The study included 100 Staph. aureus isolates that were collected from different clinical samples submitted to the Microbiology Laboratory for culture and susceptibility testing. Isolates from the same patient were excluded. The selected isolates were tested for their susceptibility to methicillin by the cefoxitin (30ug) disc diffusion method and the resazurin microplate assay. Detection of the mecA gene was done by the PCR.
In the present study, using the cefoxitin (30ug) disc diffusion method, 35 out of the 100 studied isolates (35%) were determined to be susceptible to methicillin or MSSA whereas 65/100 isolates (65%) were MRSA.
Also, using the resazurin microplate assay, 35/100 (35%) of the studied isolates were found to be MSSA whereas 65/100 (65%) were MRSA. Out of the 100 studied isolates 0% had cefoxitin MIC 0.5 ug/ml, 32/100 (32%) had cefoxitin MIC 2ug/ml, 3/100 (3%) had cefoxitin MIC 1ug/ml, 0/100 (0%) had cefoxitin MIC 4ug/ml, 31/100 (31%) had cefoxitin MIC 8ug/ml, 11/100 (11%) had cefoxitin MIC 16ug/ml, 4/100 (4%) had cefoxitin MIC 32ug/ml, 18/100 (18%) had cefoxitin MIC >32ug/ml.
Using the PCR, the mecA gene was detected in 64 out of the 100 studied isolates (64%) whereas 36/100 (36%) isolates were determined to be mecA negative.
There was a highly significant association between the results of the cefoxitin (30ug) disc diffusion method and the results of the PCR for the mecA gene (P<0.01). Only one isolate was found to be resistant to cefoxitin (30ug) disc and was found to be negative for the mecA gene by the PCR. On the other hand, all isolates that were sensitive to cefoxitin (30ug) disc were found to be negative for the mecA gene by the PCR.

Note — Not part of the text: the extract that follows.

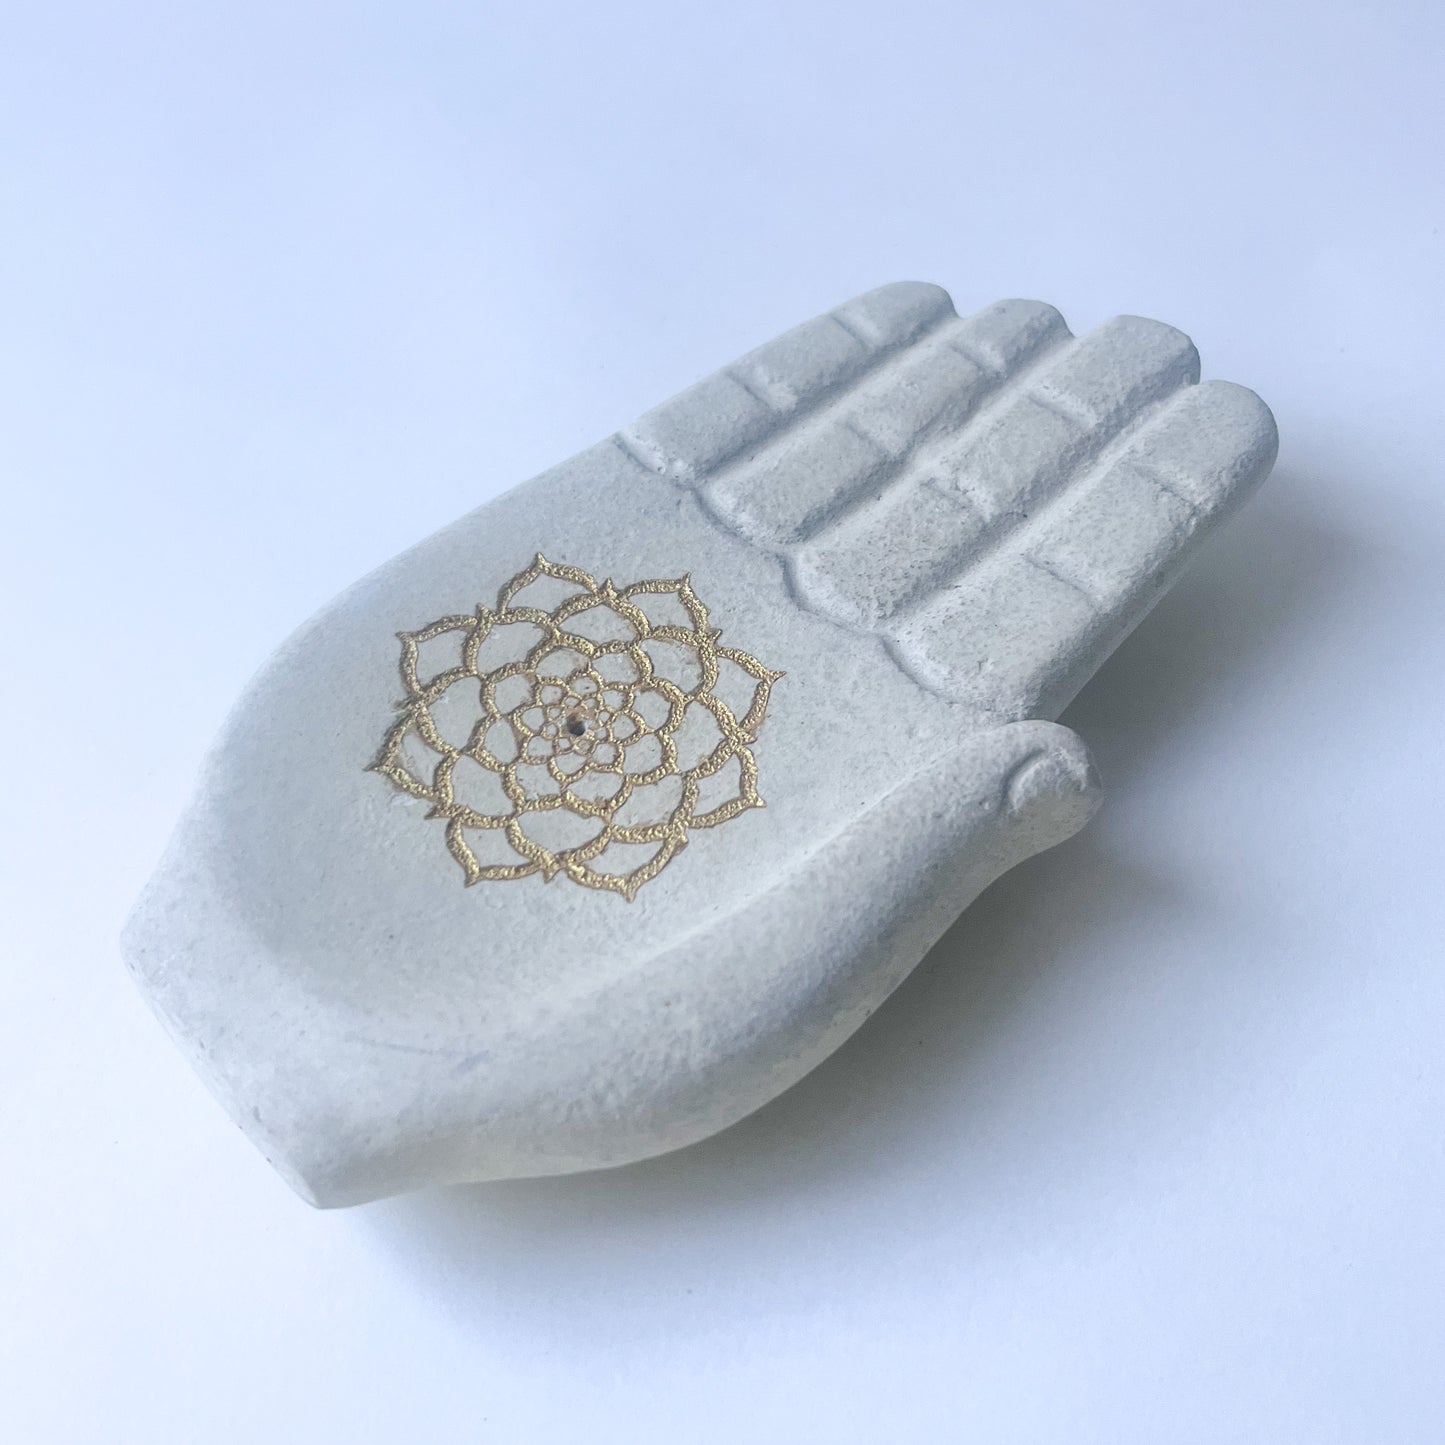 Stone Incense Holder - Hand with Lotus Engraved
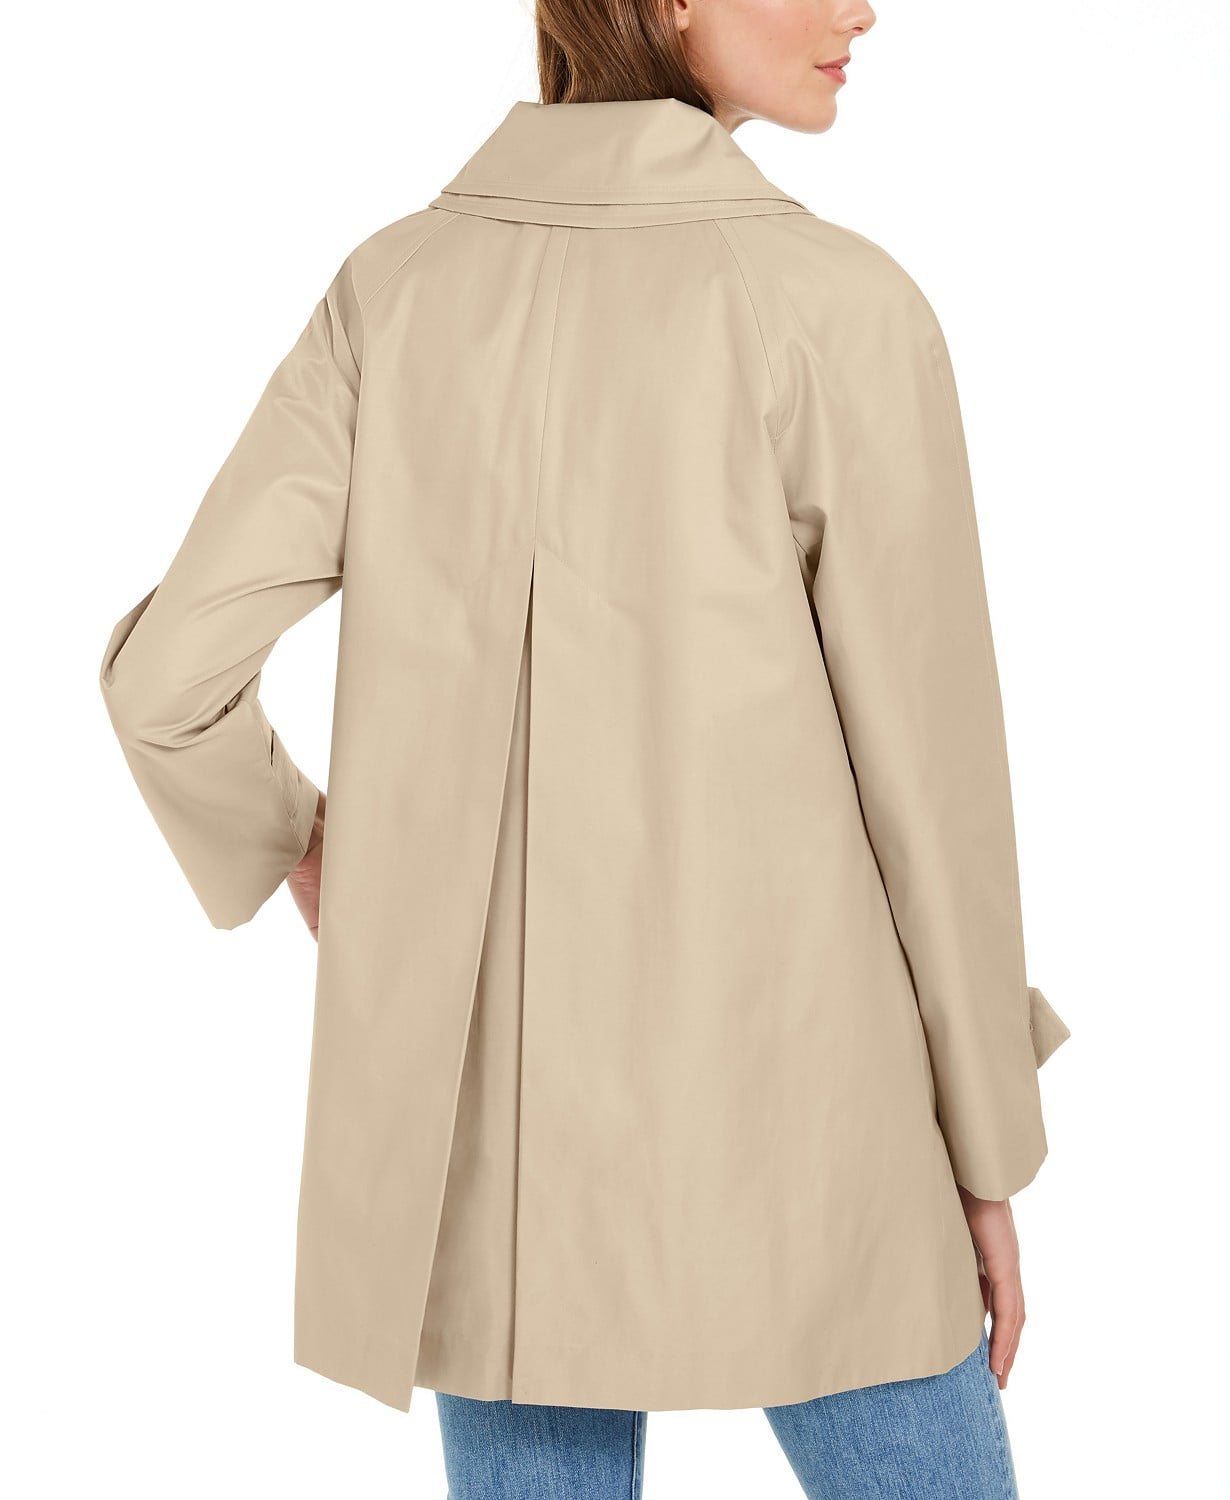 www.couturepoint.com-london-fog-womens-beige-hooded-water-resistant-raincoat

Moreover, the study showed a highly significant association between the results of the resazurin microplate assay and the results of the PCR for the mecA gene (P<0.01). Only one isolate had a cefoxitin MIC value of >32ug/ml by the resazurin microplate assay
and was found to be negative for the mecA gene by PCR. On the other hand, all isolates that were sensitive to cefoxitin by the resazyrin microplate assay were found to be negative for the mecA gene by PCR.

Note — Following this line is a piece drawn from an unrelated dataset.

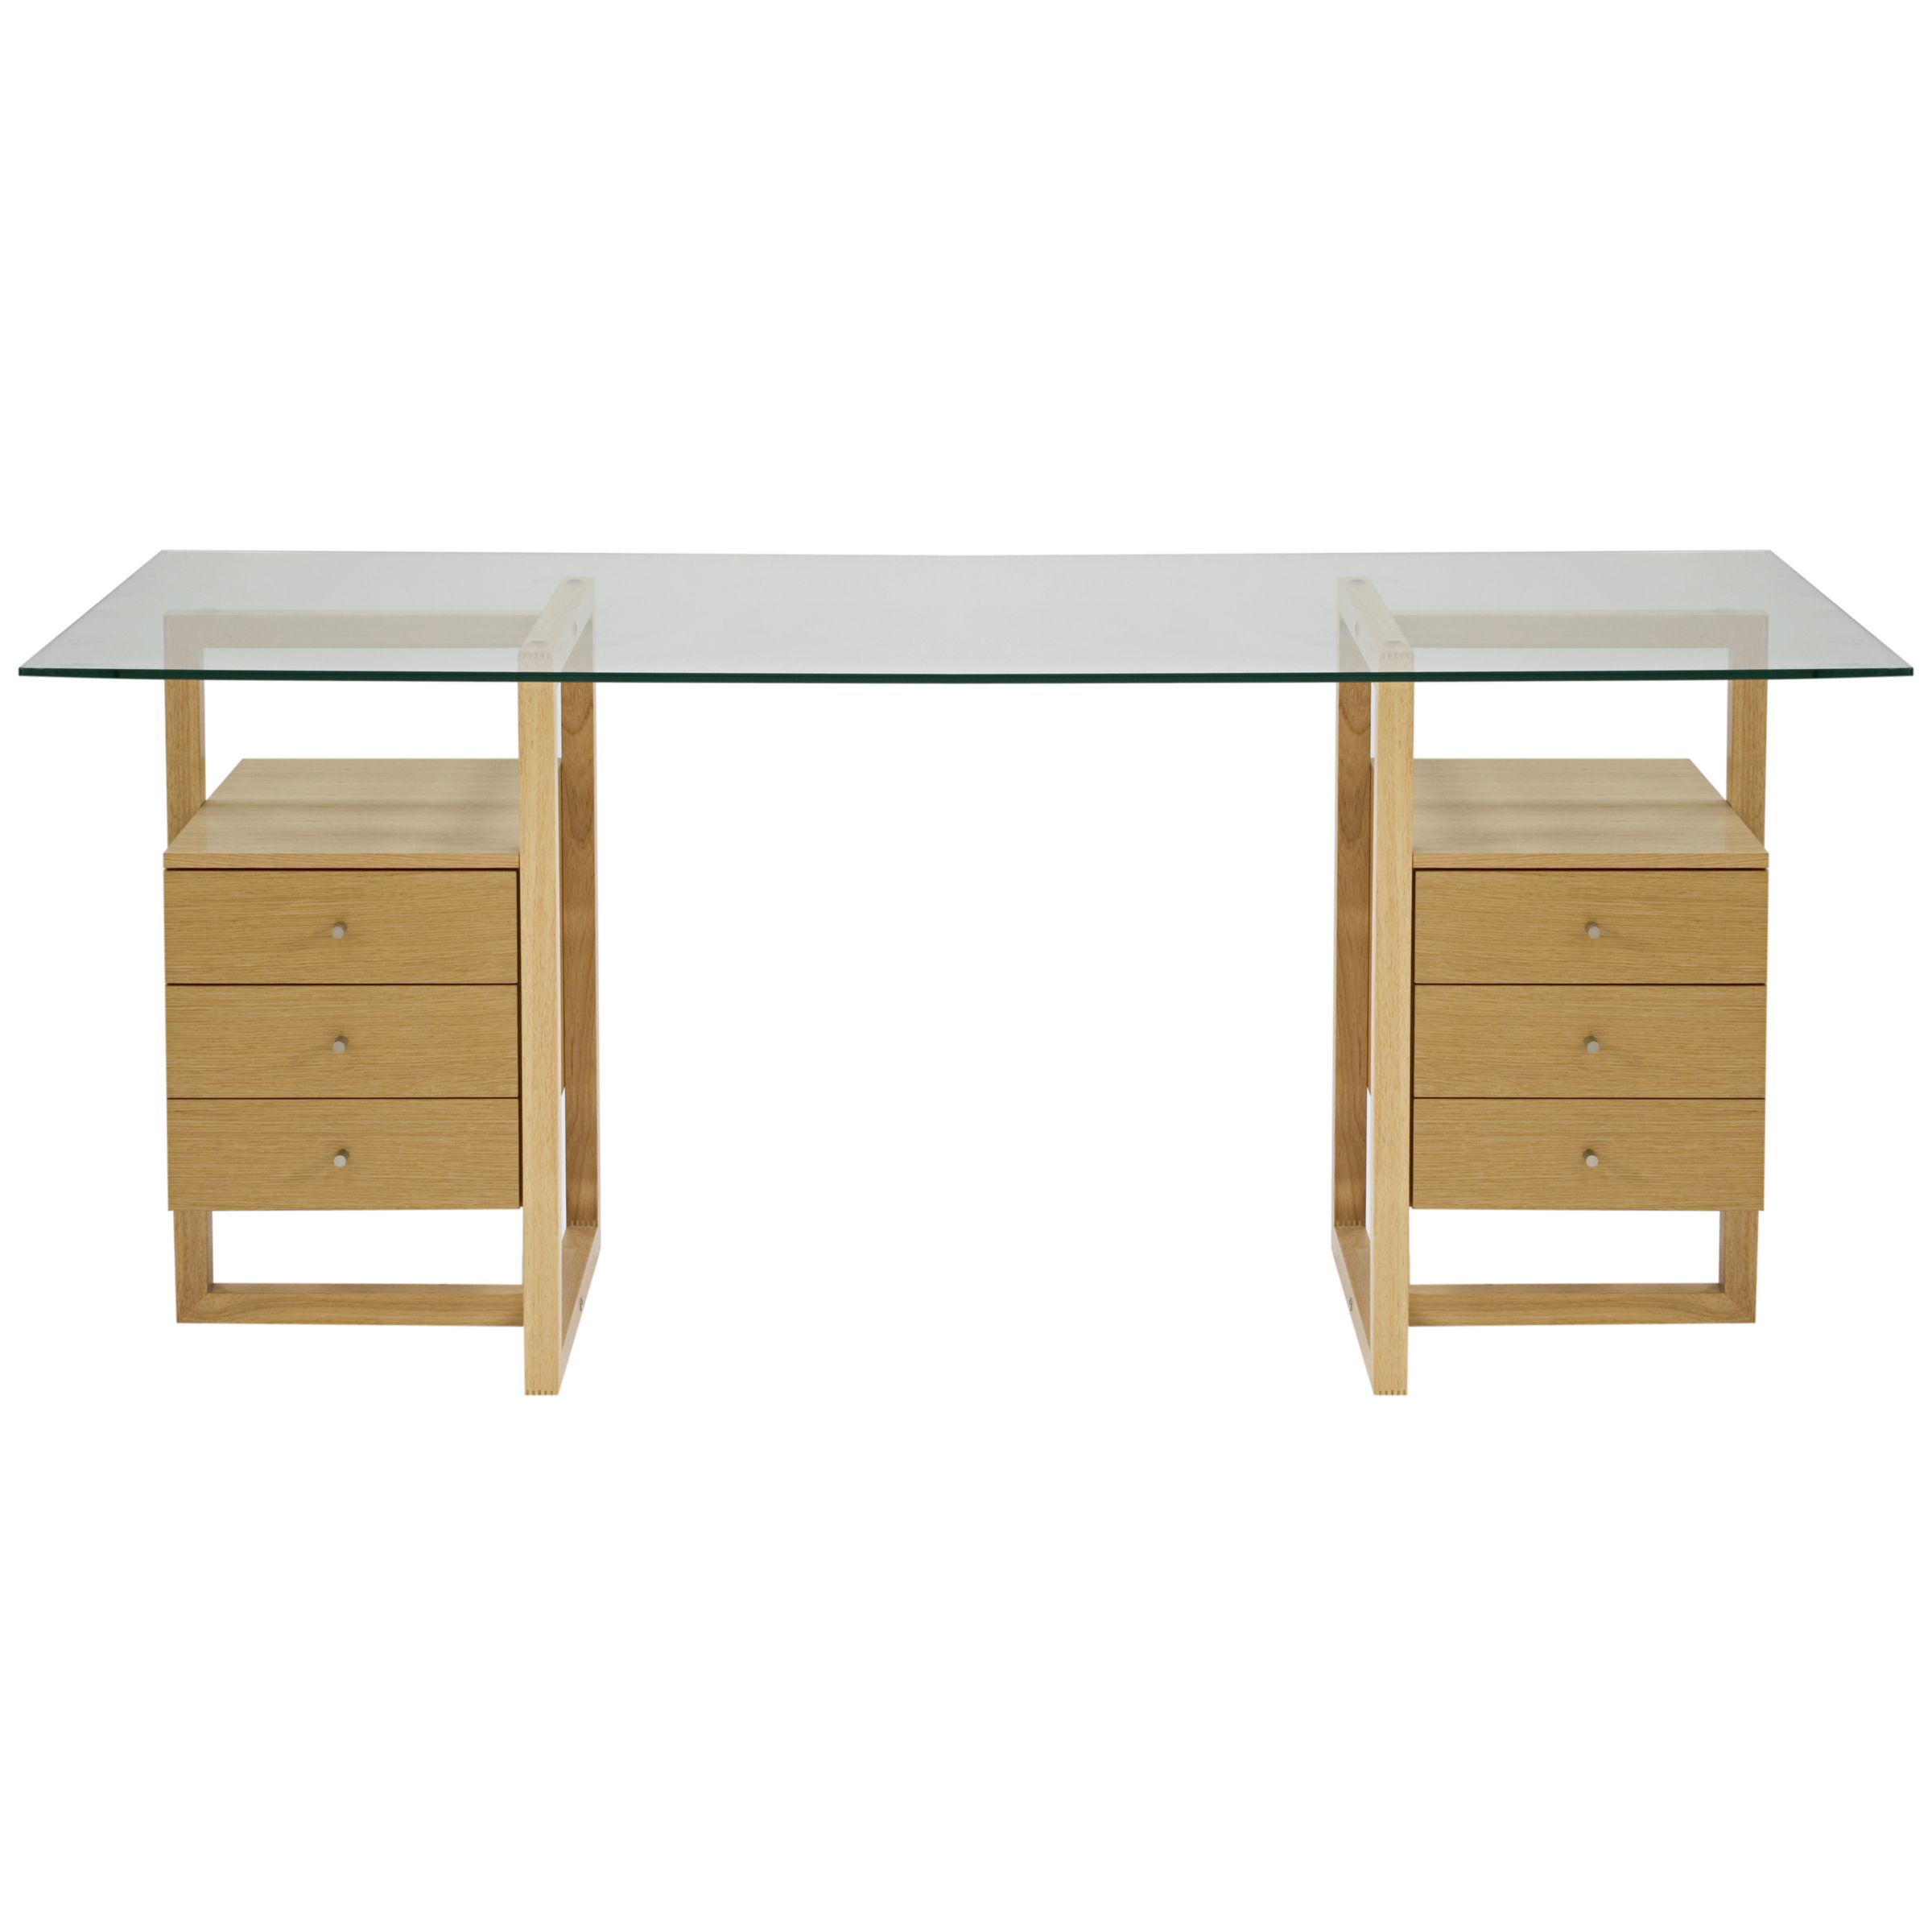 John Lewis Staten Small Glass Desk with Oak Trestle and 2 Drawer Packs

A highly significant association was found between the results of the cefoxitin (30ug) disc diffusion method and the results of the resazurin microplate assay (P<0.01).

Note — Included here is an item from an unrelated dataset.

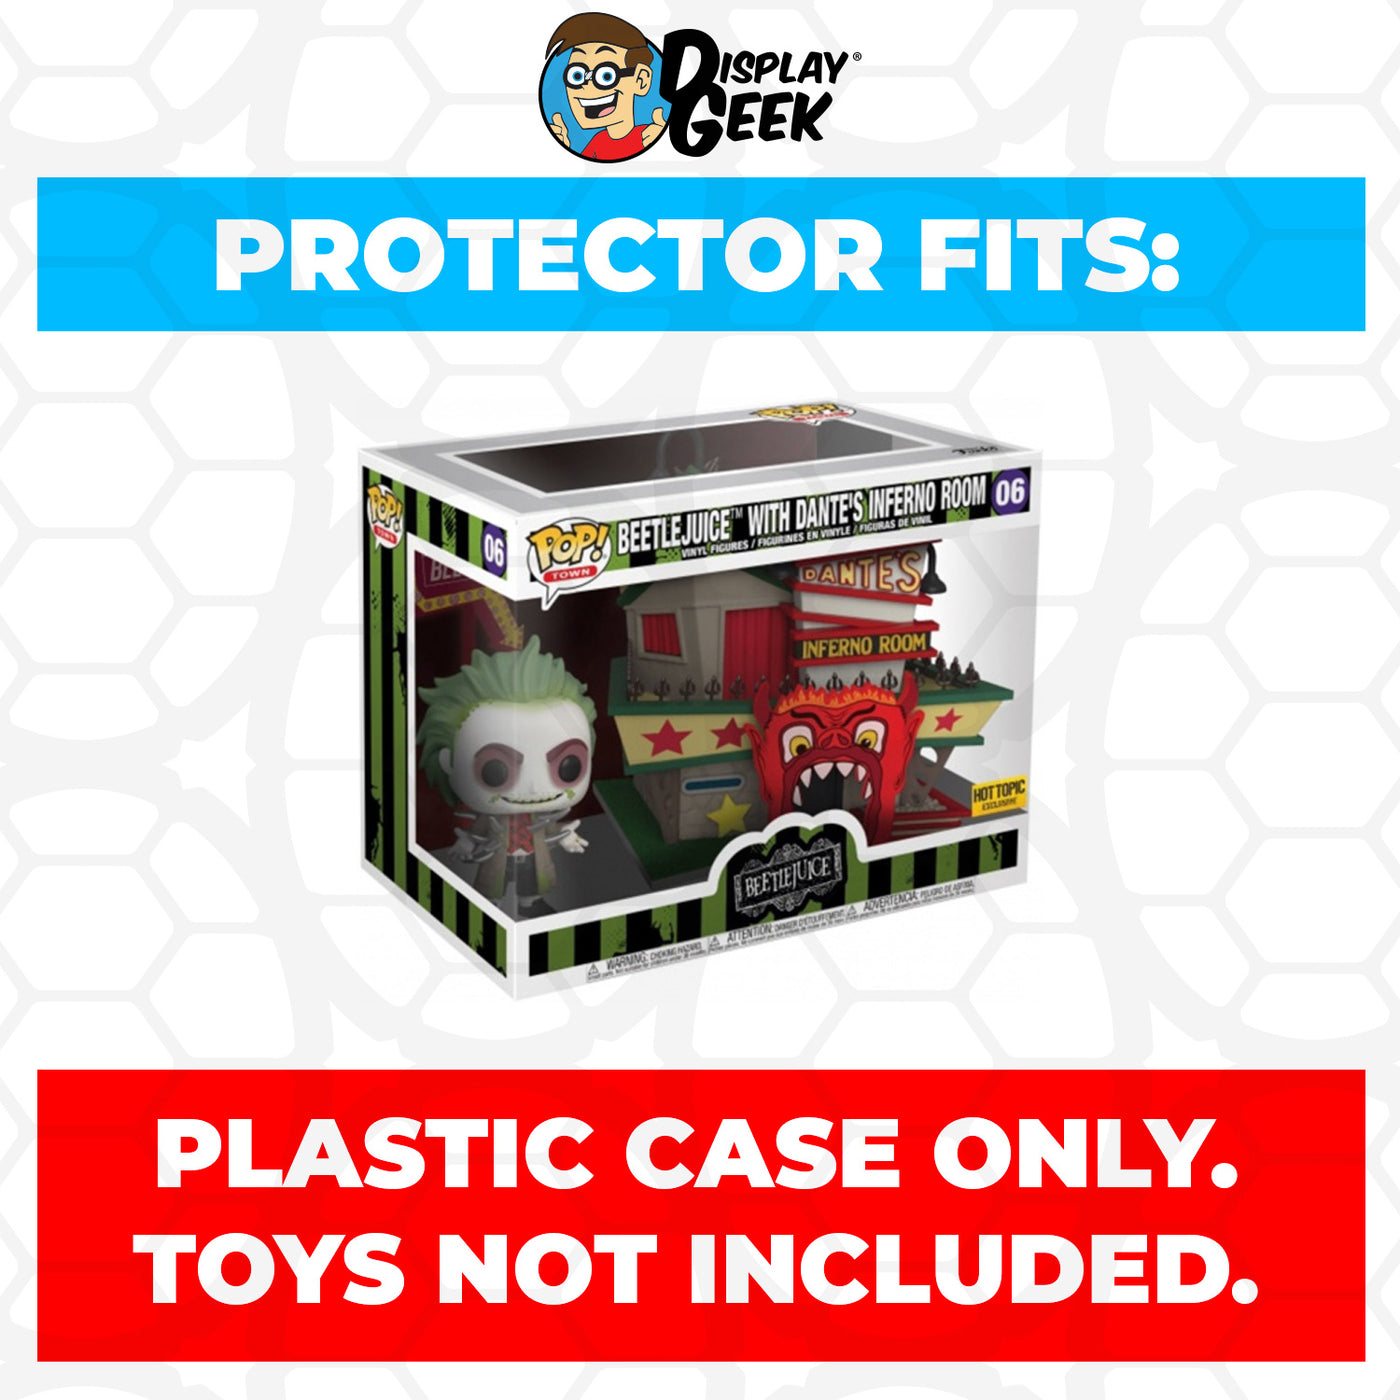 Pop Protector for Beetlejuice with Dante's Inferno Room #06 Funko Pop Town on The Protector Guide App by Display Geek

In the present study, the diagnostic performance of the cefoxitin (30ug) disc diffusion method and the resazurine microplate assay was calculated in reference to the PCR for the detection of the mecA gene which was considered as the gold standard. Accordingly, the cefoxitin (30ug) disc diffusion method was found to have 100% sensitivity, 97.2% specificity, 98.5% PPV and 100% NPV. Also, the resazurin microplate assay had a sensitivity of 100%, a specificity of 97.2%, PPV (98.5%) and NPV (100%).